Assumes 60% input / 40% output token ratio per request. Actual costs may vary based on your usage pattern.
| Parameter | Devstral 2 2512 | Qwen3 4B (free) |
|---|---|---|
| Context Window | 262K | 41K |
| Max Output Tokens | -- | -- |
| Open Source | Yes | Yes |
| Created | Dec 9, 2025 | Apr 30, 2025 |
Devstral 2 2512 scores 63/100 (rank #175) compared to Qwen3 4B (free)'s 63/100 (rank #176), giving it a 0-point advantage. Devstral 2 2512 is the stronger overall choice, though Qwen3 4B (free) may excel in specific areas like cost efficiency.
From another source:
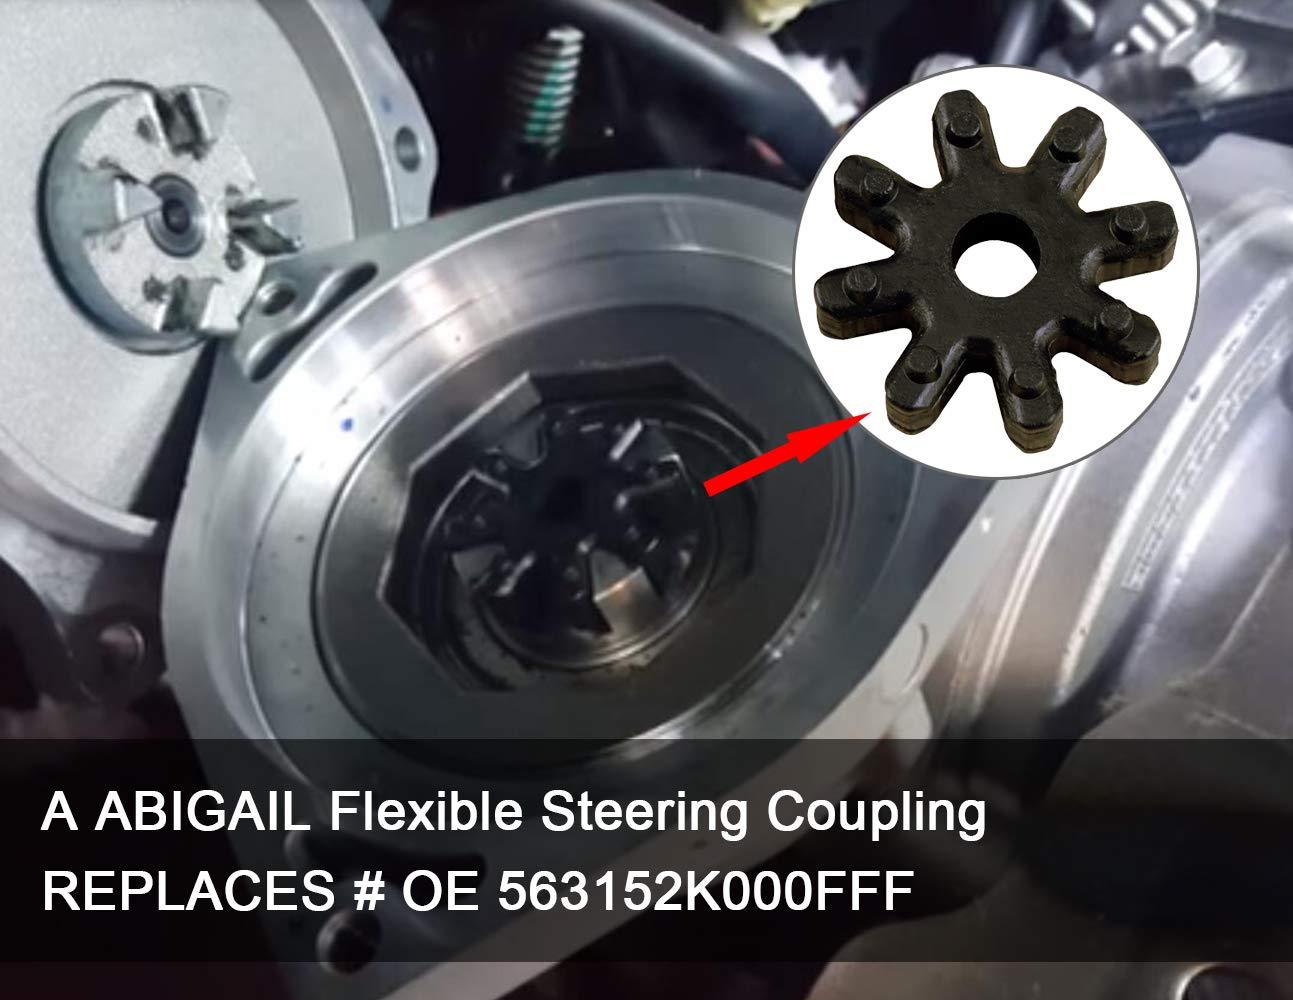 Flexible Steering Coupler Column Motor MDPS Clunk Noise Rubber Flex Coupling Repair for Hyundai Sonata Elantra Santa Fe Azera Veloster Kia Soul Optima Forte Cadenza Replaces 56330-4Z000 563152K000FFF
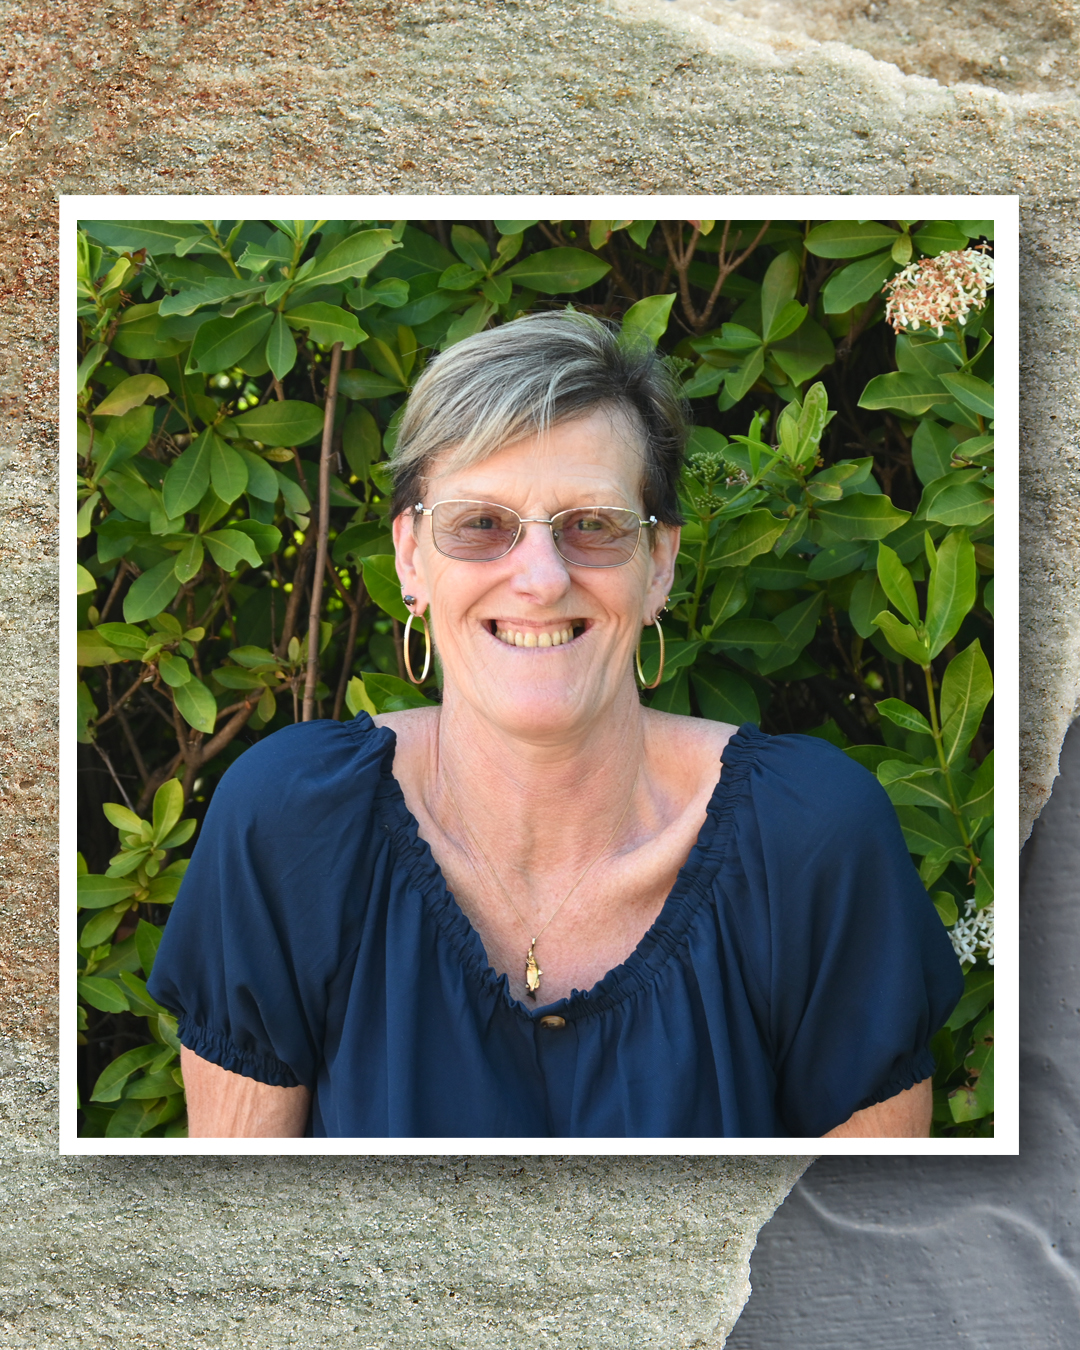 Rosemary Taffinder

Devstral 2 2512 is ranked #175 and Qwen3 4B (free) is ranked #176 out of 290+ AI models. Rankings use a composite score combining benchmark performance (25%), pricing (25%), context window (15%), recency (15%), output capacity (10%), and versatility (10%). Scores update hourly.
Qwen3 4B (free) is cheaper at $0.00/M output tokens vs Devstral 2 2512's $2.00/M output tokens — 2000.0x more expensive. Input token pricing: Devstral 2 2512 at $0.40/M vs Qwen3 4B (free) at $0.00/M.
Devstral 2 2512 has a larger context window of 262,144 tokens compared to Qwen3 4B (free)'s 40,960 tokens. A larger context window means the model can process longer documents and conversations.